Problem to solve
Would you give the listing again exactly, without its images?

Available data
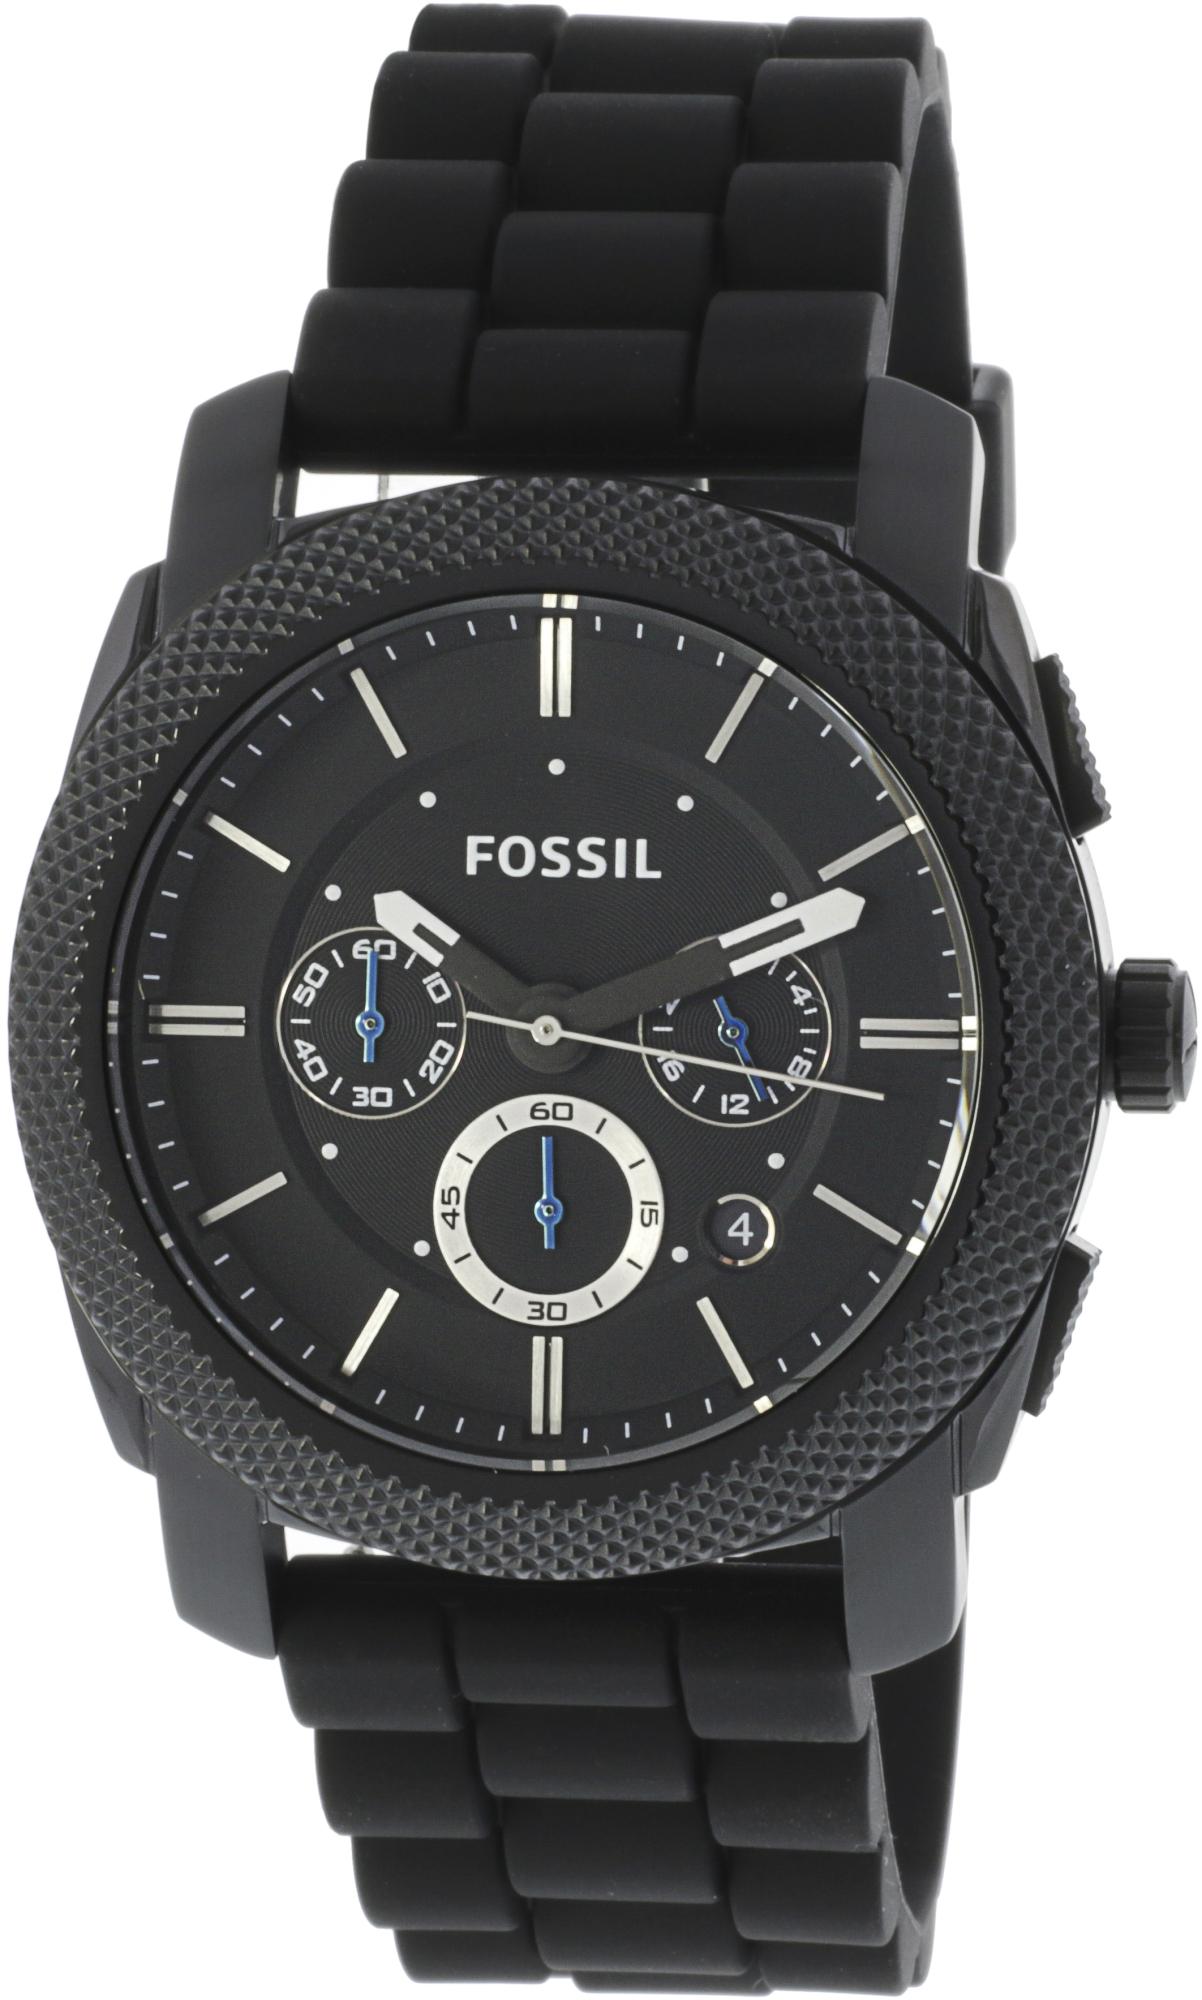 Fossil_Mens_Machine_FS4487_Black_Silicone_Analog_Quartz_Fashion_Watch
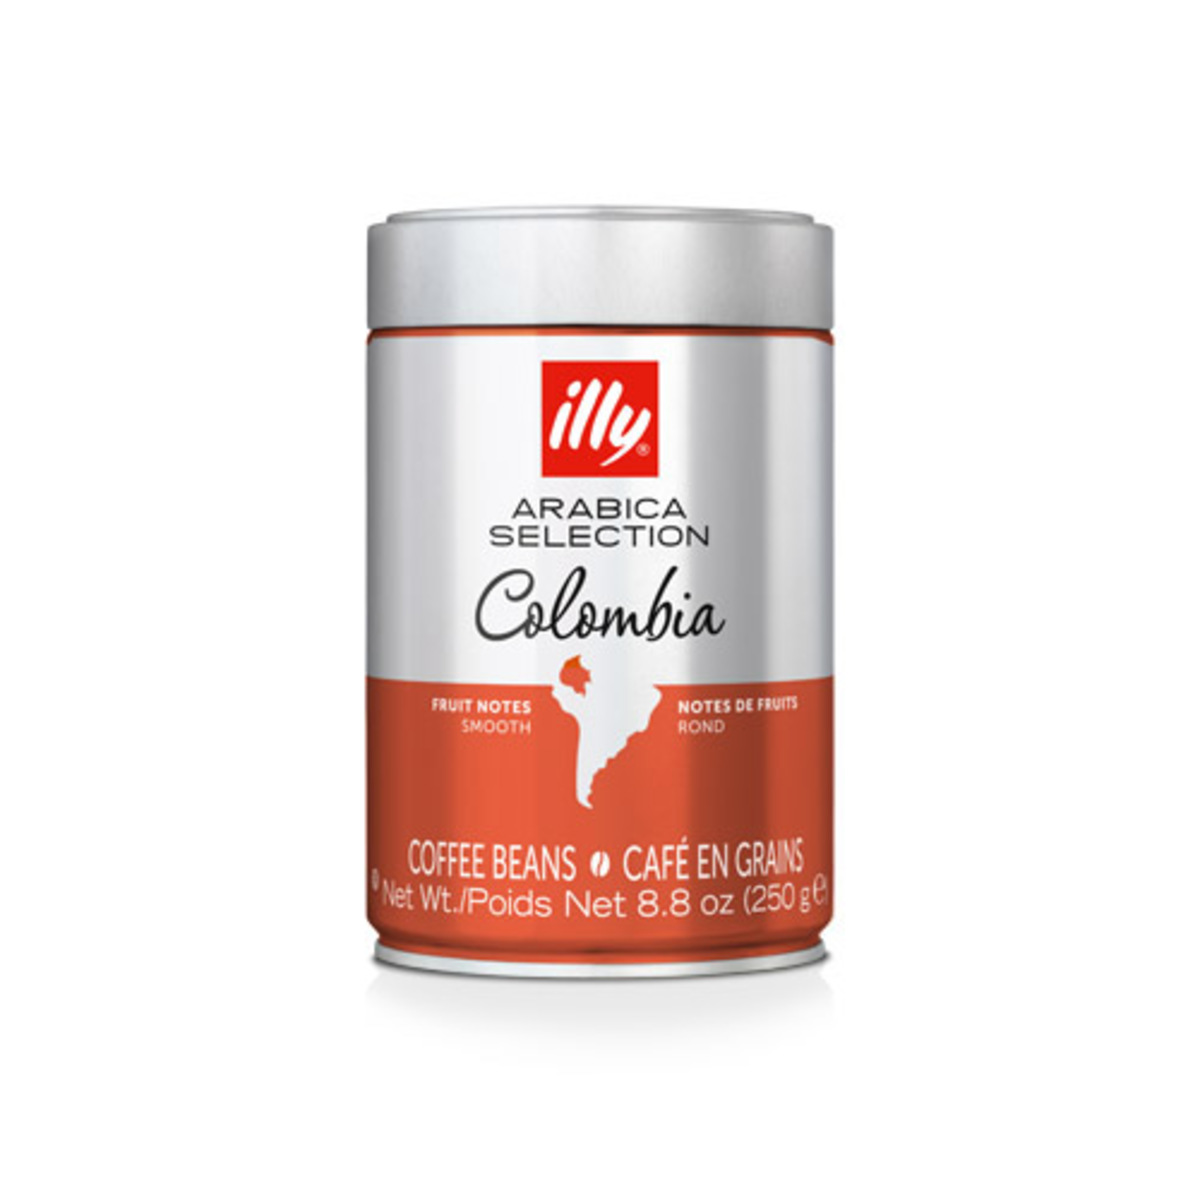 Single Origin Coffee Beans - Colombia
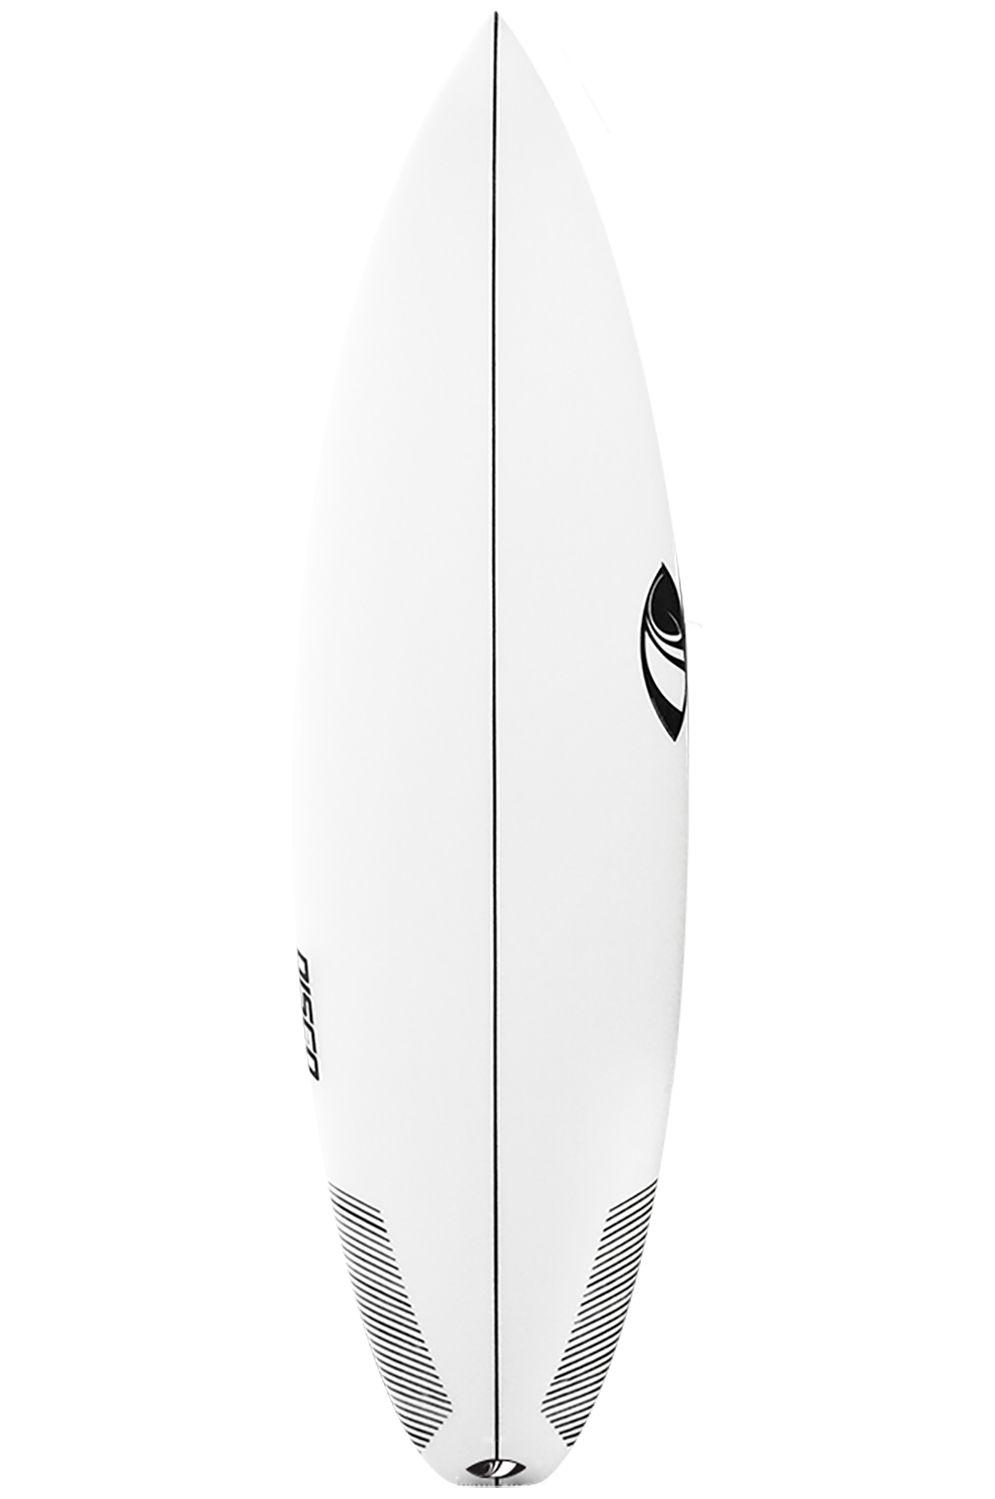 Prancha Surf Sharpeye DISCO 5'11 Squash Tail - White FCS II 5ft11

Response
 Fossil_Mens_Machine_FS4487_Black_Silicone_Analog_Quartz_Fashion_Watch
 Single Origin Coffee Beans - Colombia
 Prancha Surf Sharpeye DISCO 5'11 Squash Tail - White FCS II 5ft11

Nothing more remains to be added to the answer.